> **TASK**
With any pictures left out, restate word for word the lines in the listing below from the one holding "37 Best Christmas" through the last.
[DATASET SECTION Boundary: Start]
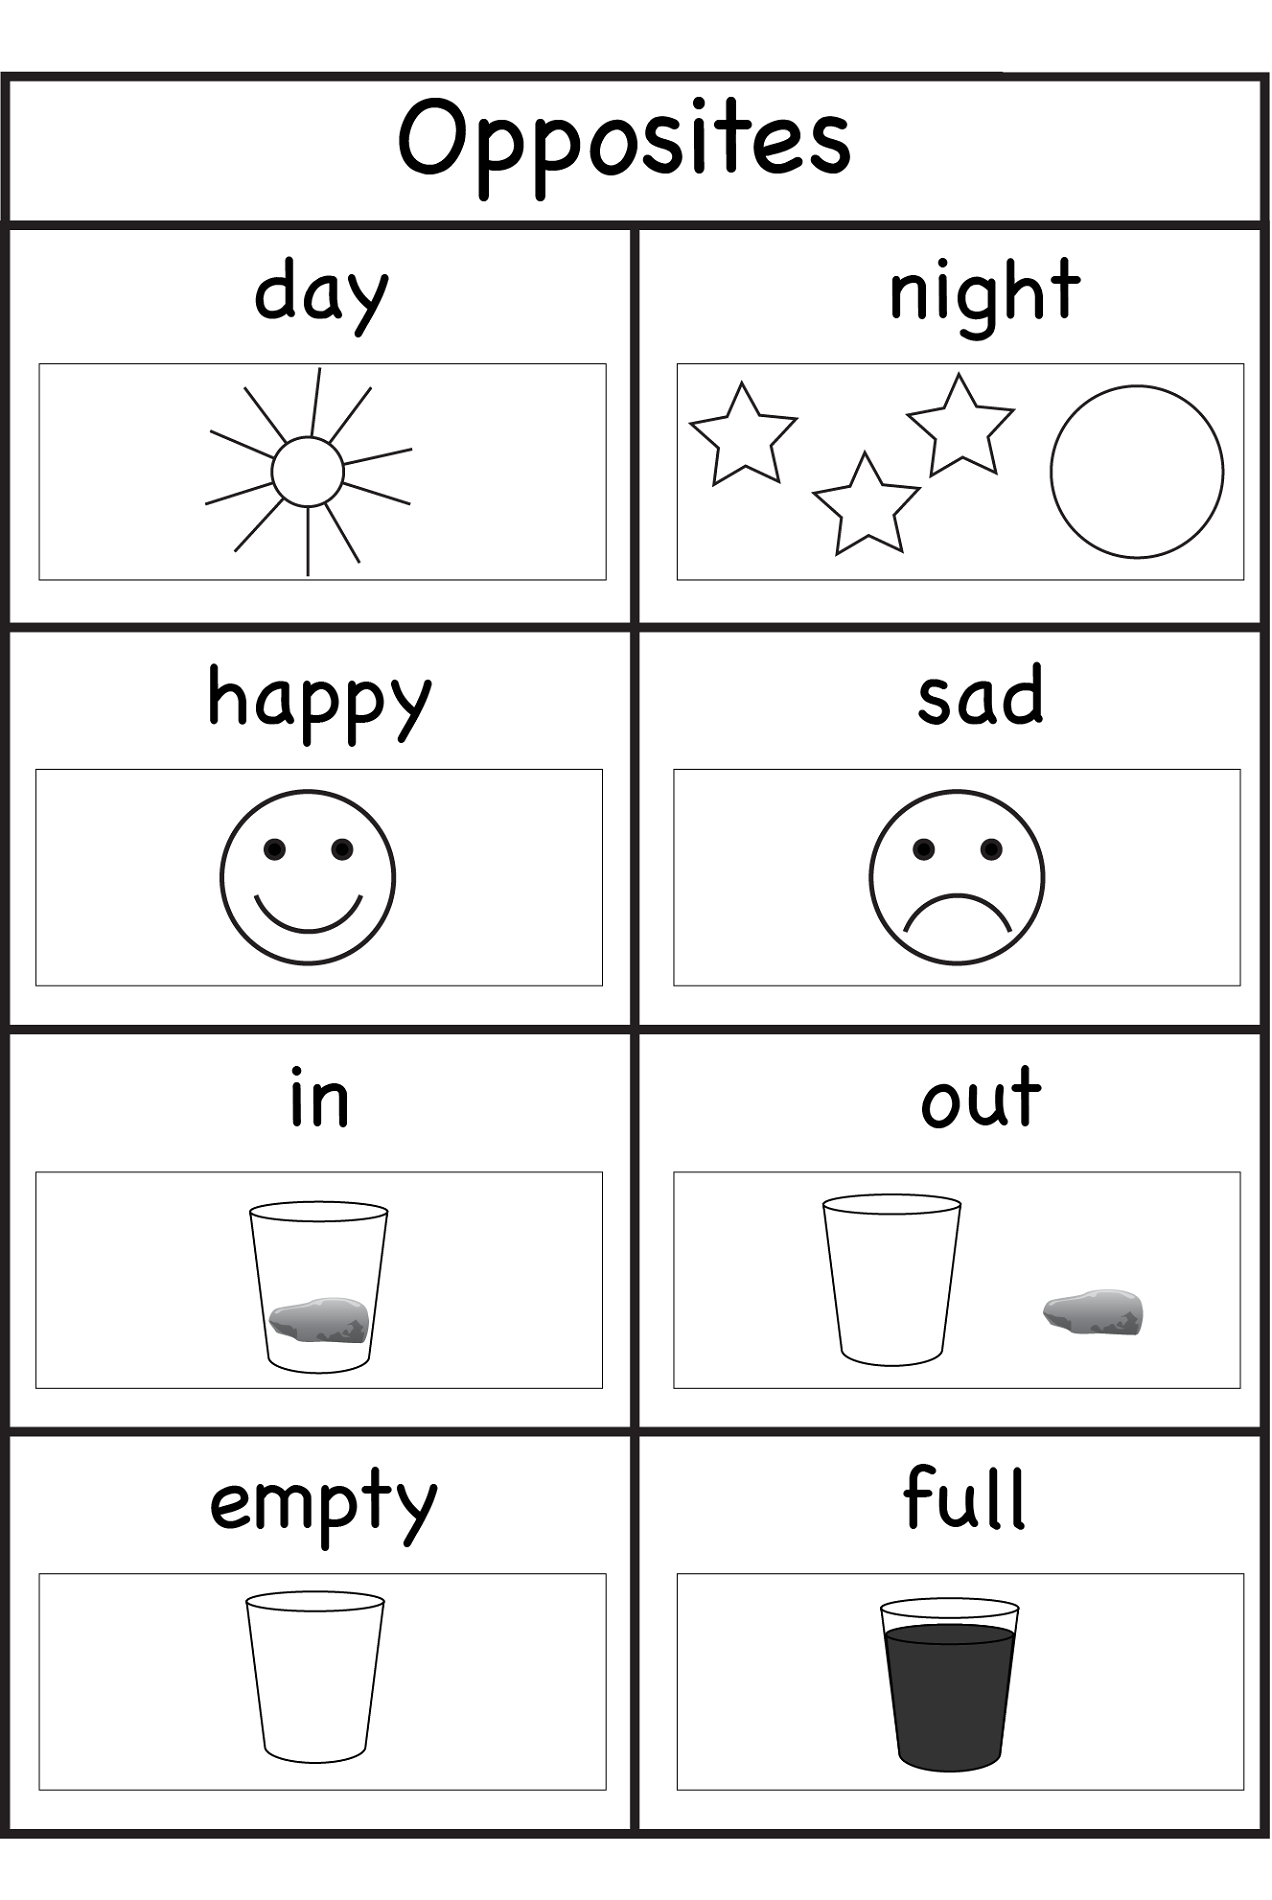 Activity Sheets For 3 Year Olds – With Free Preschool Worksheets Age | Printable Worksheets For 3 Year Olds
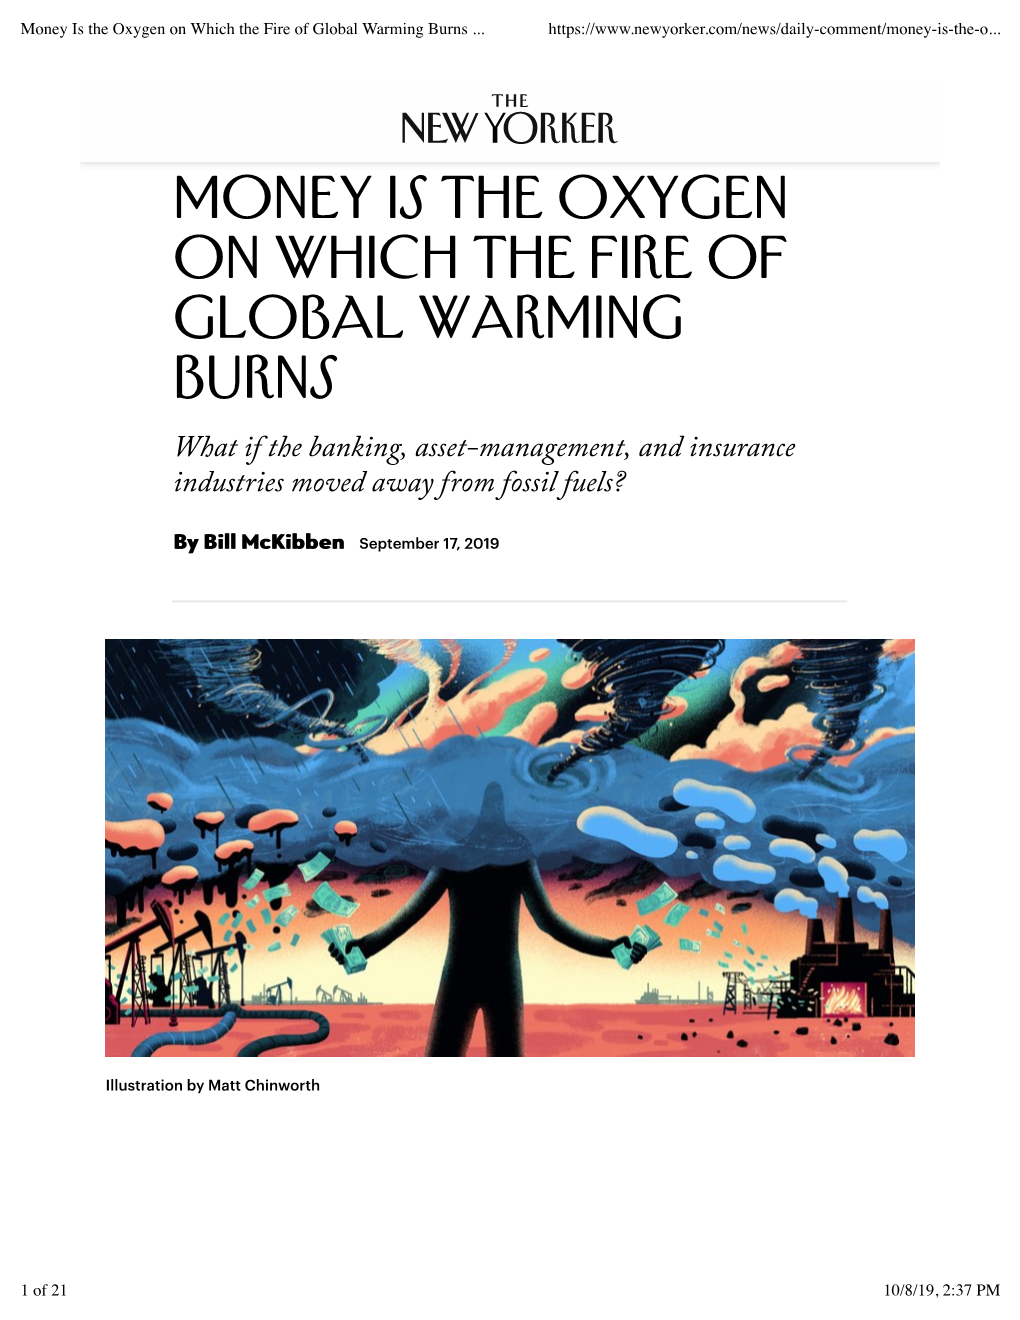 Money Is the Oxygen on Which the Fire of Global Warming Burns
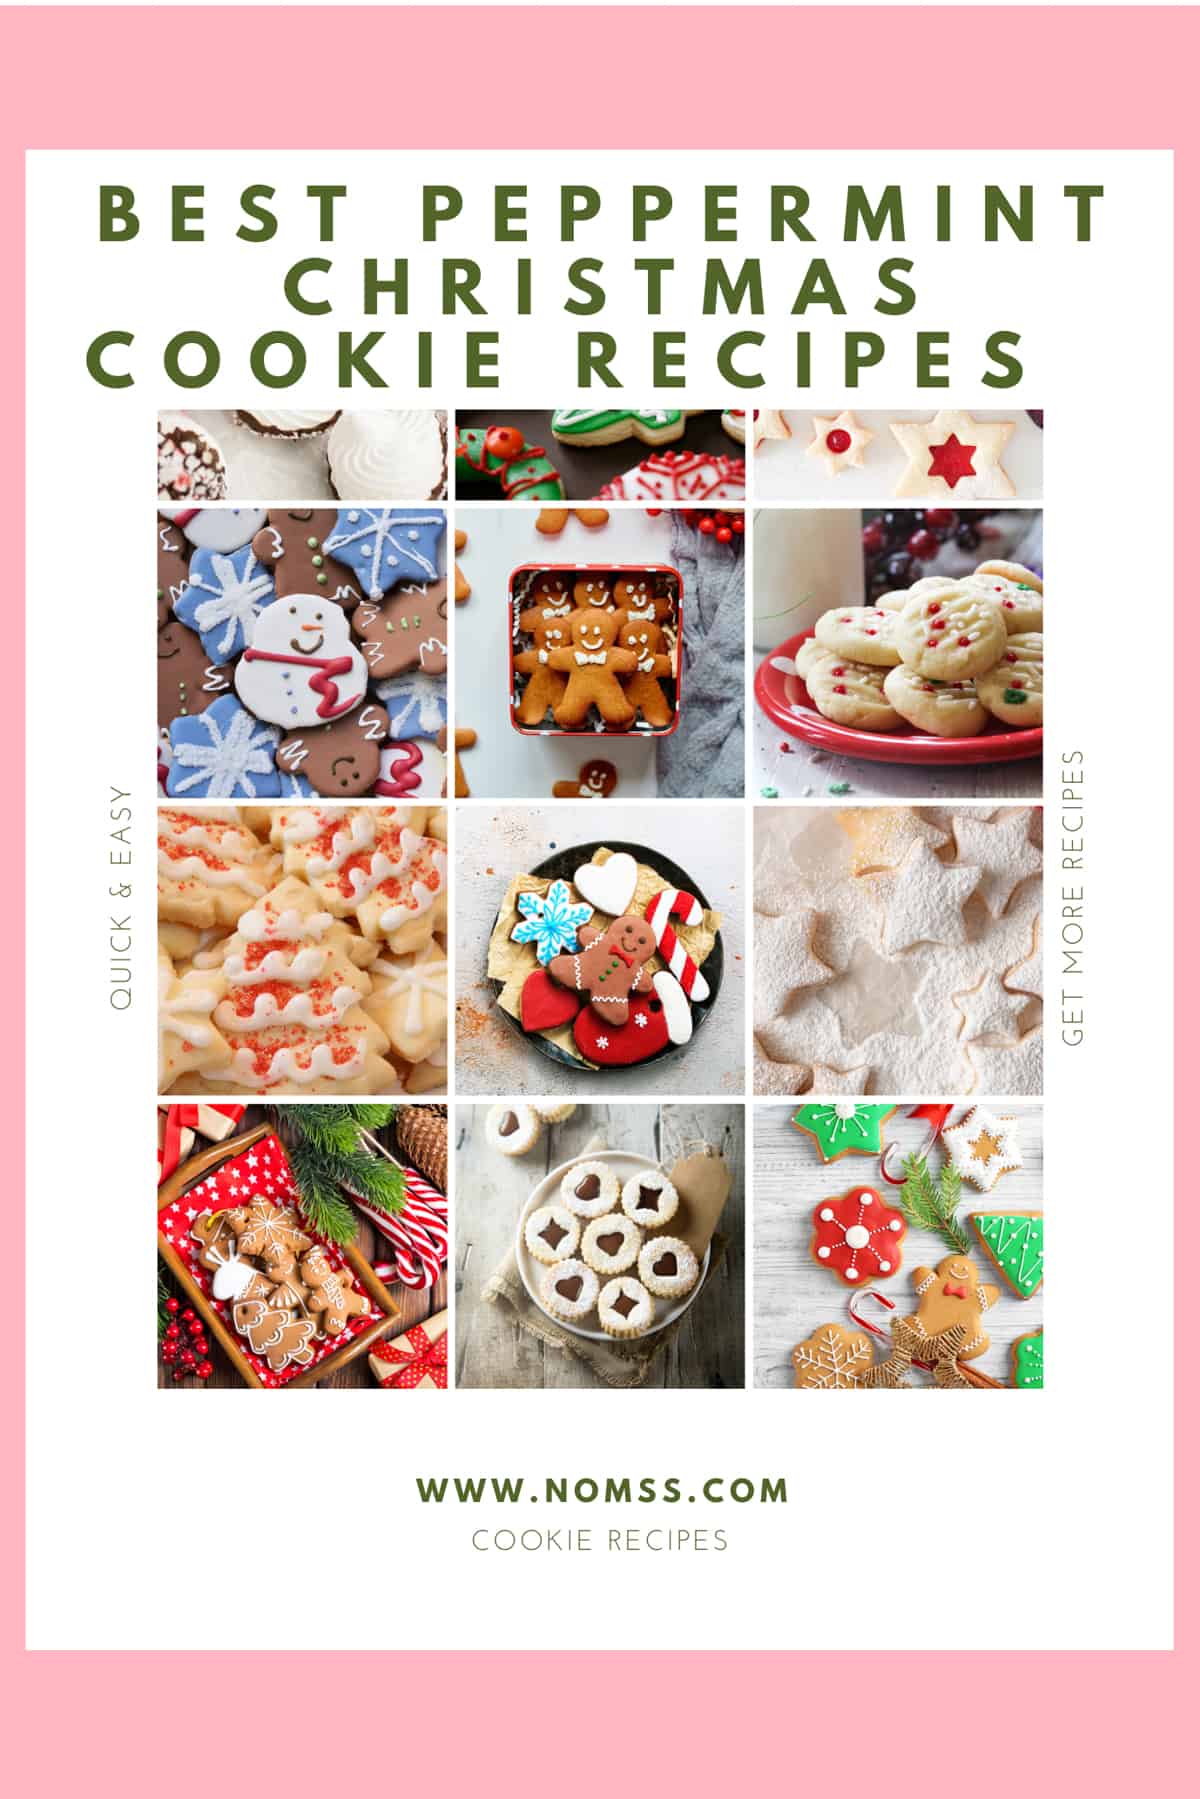 37 Best Christmas Cookie Recipes with Peppermint
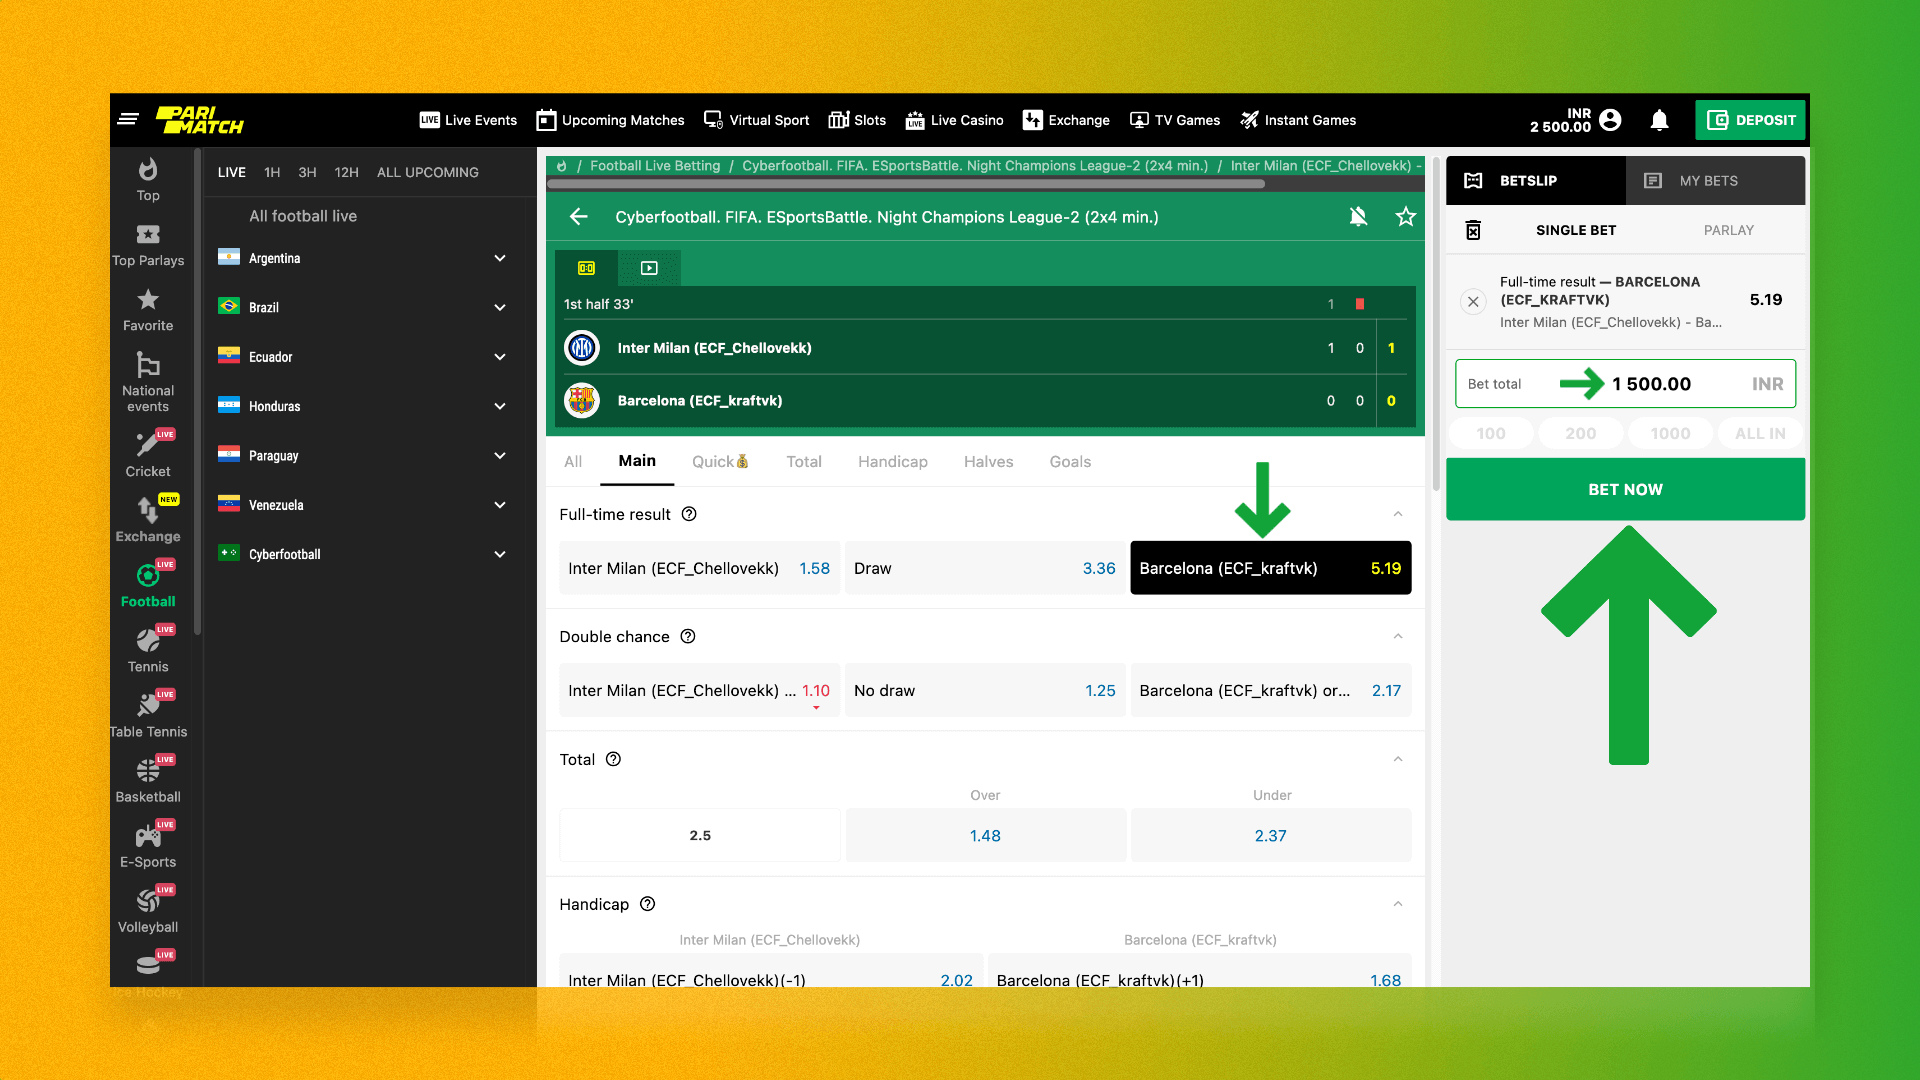 Example of a bet on Parimatch
[DATASET SECTION Boundary: End]
> **SOLUTION TO THIS TASK**
 37 Best Christmas Cookie Recipes with Peppermint
 Example of a bet on Parimatch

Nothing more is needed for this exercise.